When the Montreal Canadiens prepared for the 2004 NHL Entry Draft, many
wondered what kind of impact new GM Bob Gainey would have in the selections, as this was his first draft
after taking over for the now assistant GM Andre Savard. With Andre Savard and Trevor Timmins in charge of scouting the 2004 prospects, and already in possession of an impressive draft history while with the Ottawa Senators, it was unclear if Gainey would place his personal stamp on the selections or let his staff continue their success. This question was answered in short order when the Canadiens selected Kyle Chipchura with the
team’s first pick of the draft, a player whose character and work ethic resemble that of a young Bob Gainey.
With the other eight selections made by the Canadiens, the team went off the
board. Three of the eight picks weren’t even listed by the CSB, they were overagers who had been passed over in the last few entry
drafts. One of those picks was a 26-year-old defenseman from the Swiss league. In typical Gainey fashion, not much hype was made about the picks or explanations as to why they selected some obscure picks. Gainey’s silence has let the players speak for themselves with their play on the
ice. In fact, many of their most recent selections are enjoying a great start to the season and are off to career years in their respective leagues.
At 150th overall the Canadiens selected Mikhail Grabovsky, a former teammate of 2003 first round pick
Andrei Kostitsyn with the Belarus Junior National Team, coming off a solid rookie year in the Russian Super League. With several household names still on board, many were shaking their heads at this selection, but the Canadiens scouting staff must have seen something of interest in Grabovsky when scouting Kostitsyn.
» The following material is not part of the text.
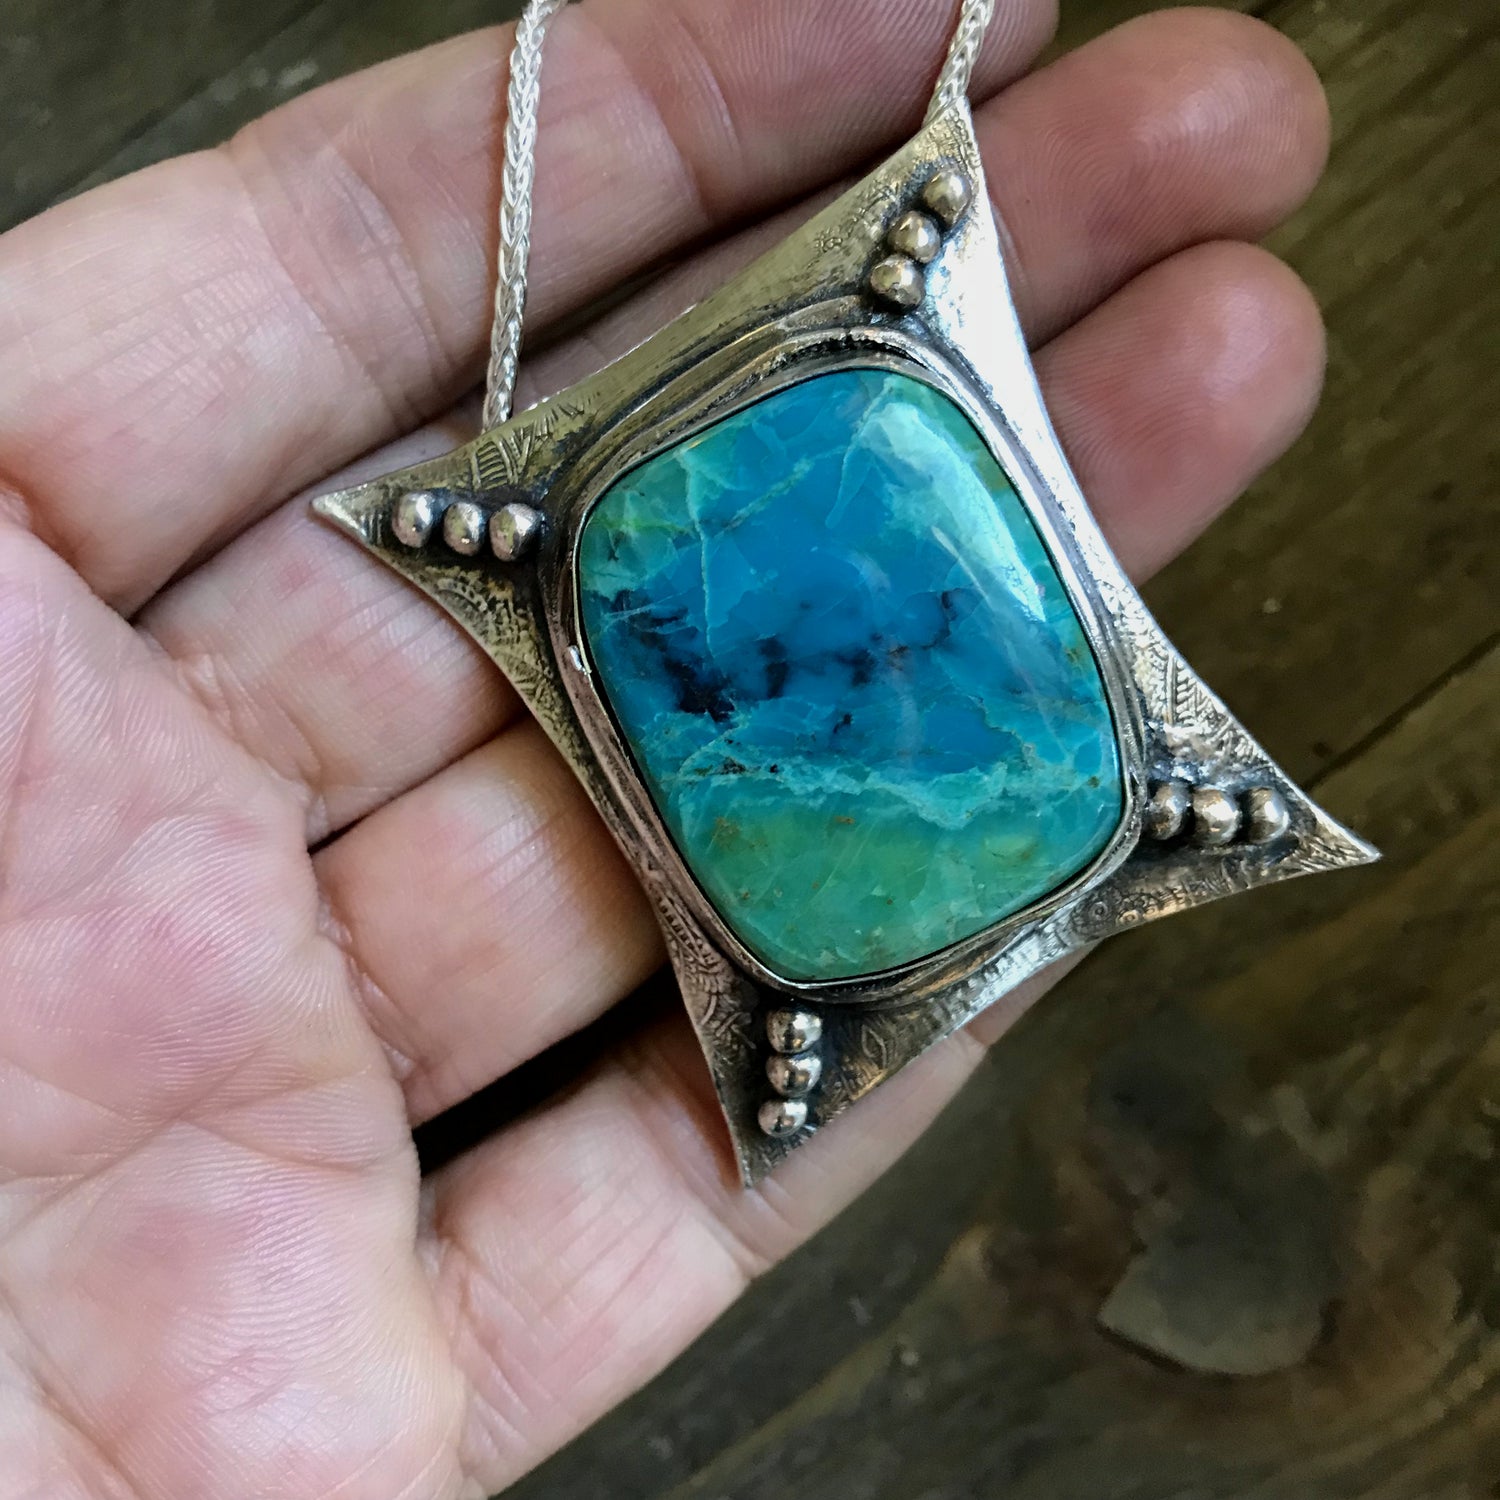 Sterling Silver Pendant Chrysocolla Necklace. One of a kind fully handmade sterling silver art jewelry necklace with a spectacular vibrant blue green Chrysocolla (a.k.a "Peruvian Turquoise") stone. The polished sterling silver pendant was oxidized to give it an antique look.- Handcrafted - CosmicDeva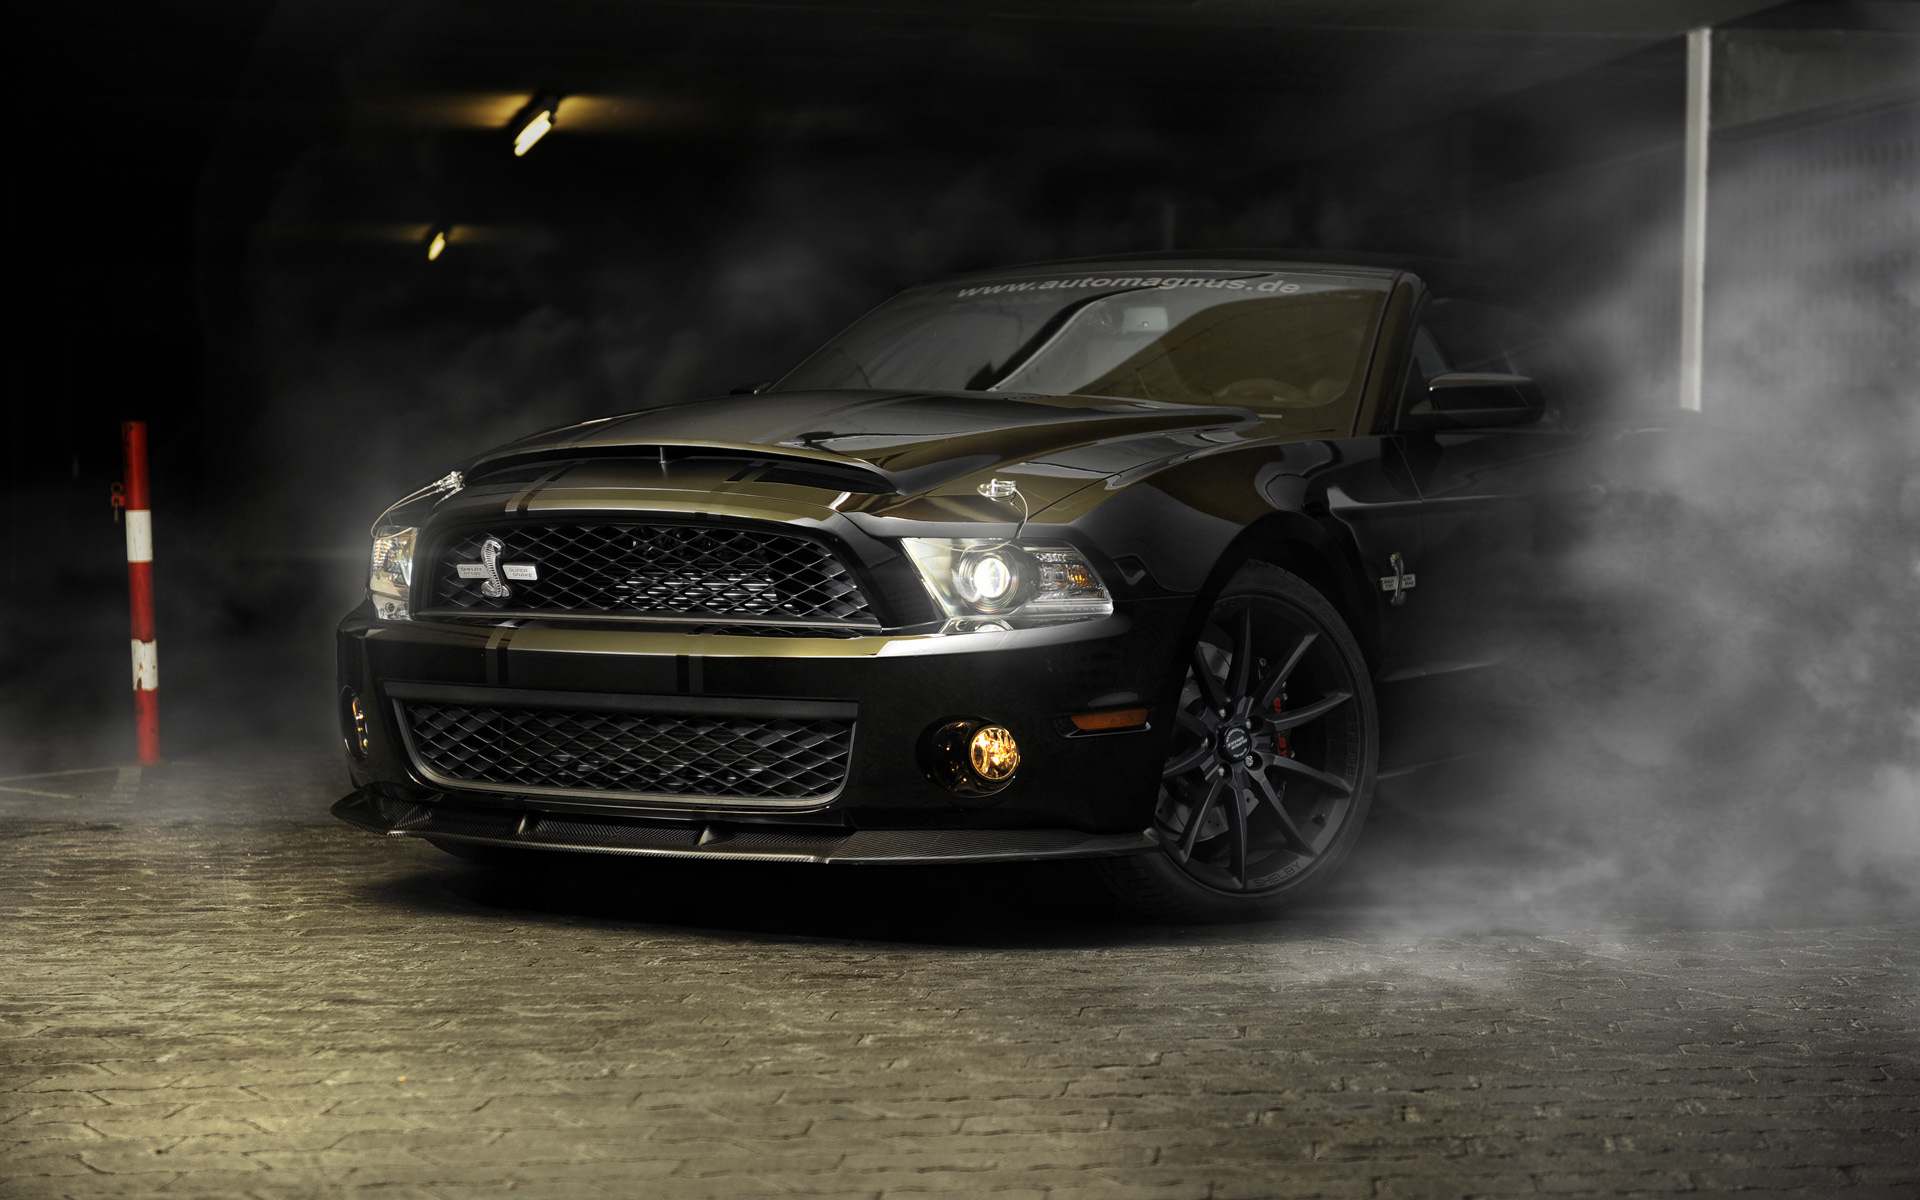 ford, Mustang, Gt500, Super, Snake, Vehicles, Cars, Auto, Smoke, Rubber, Burnout, Wheels, Lights, Roads, Ford Wallpaper

When the
2004-05 season began, the 20-year-old Grabovsky stepped up his play and was able to find success in his offensive production. In less then half the games
compared to last season, Grabovsky was able to reach his total goal production,
and is second on the team in goals scored while being the youngest player by a considerable margin. Grabovsky’s offensive success has to be a delight to the Canadiens team of scouts, but this wouldn’t be the only player starting off the season with a bang.
At 246th overall the Canadiens selected Greg Stewart who was playing fourth line right wing duty for the Peterborough Petes of the OHL, a teammate of
a 2003 selection, defenseman Mark Flood. Another unknown pick, Stewart had recorded only four goals and
10 points in his rookie year for the Petes. Stewart made a strong impression at the Canadiens development and rookie camp this summer, showing a solid physical game and work ethic
and a rocket of a slap shot. It only took Stewart less than a quarter of games played this year to reach a career high in goals and surpass those totals while continuing to play a sound physical
Another player off to a great start is the Canadiens first pick, 18th overall, Kyle Chipchura, who also was very solid in his first professional rookie camp, and displayed impressive work ethic and character. Chipchura looked to show why he was ranked so high by the CSB before sustaining a bad groin injury that hampered his play for most of the second half of the season. So far this year, Chipchura has shown that his offensive game has been underrated as he is tied for the team leading in scoring and is one of the top
scorers in the WHL as well. This has to be great news for Gainey and the scouting staff, as they know the organization sorely needs a big, strong, hard working center like Chipchura
in the depth charts.
At 212th overall, the Canadiens selected Jon Gleed, a 20-year-old
defenseman and teammate of 2003 pick Ryan O’Byrne. He was another player
who was passed over in the last two entry drafts. After only getting one point in his freshman year and six points all of last season, Gleed opened the
2004-05 season with a three-point night, a career high for him. Canadiens staff must have seen something in Gleed they liked while watching Ryan O’Byrne, and they are well aware of the outstanding hockey program Cornell
has, their defensive approach to the game as well as high academic standards.
Also of note, the Canadiens fifth pick of the draft, Loic Lacasse, who played more of a backup role for Drakkar last season, is currently the starting goalie for Drakkar getting valuable experience and ice time while seeing a lot of rubber thrown his way on a struggling Baie-Comeau team. The Canadiens second pick,
84th overall, Alexi Yemelin has made the jump from being a regular in the Russian High league as a
17-year-old, to slowly getting ice time in the Russian Super league, as the youngest player on the team.
JT Wyman was another unknown pick, as a standout in the USHS system, playing for the Blake school in the hockey
breeding grounds of Minnesota. Wyman has just played his first game in the NCAA, playing for the highly ranked Dartmouth College, and getting a regular shift on a strong team with three drafted forward freshman in the lineup as well. The final pick for the Canadiens,
Alexandre Dulac-Lemelin has not had the kind of success as some of the other Hab picks, but he does lead the
Baie-Comeau Drakkar’s defense in plus/minus and is second in points among defensemen as well. Overager
Mark Streit continues to find success in the LNSw.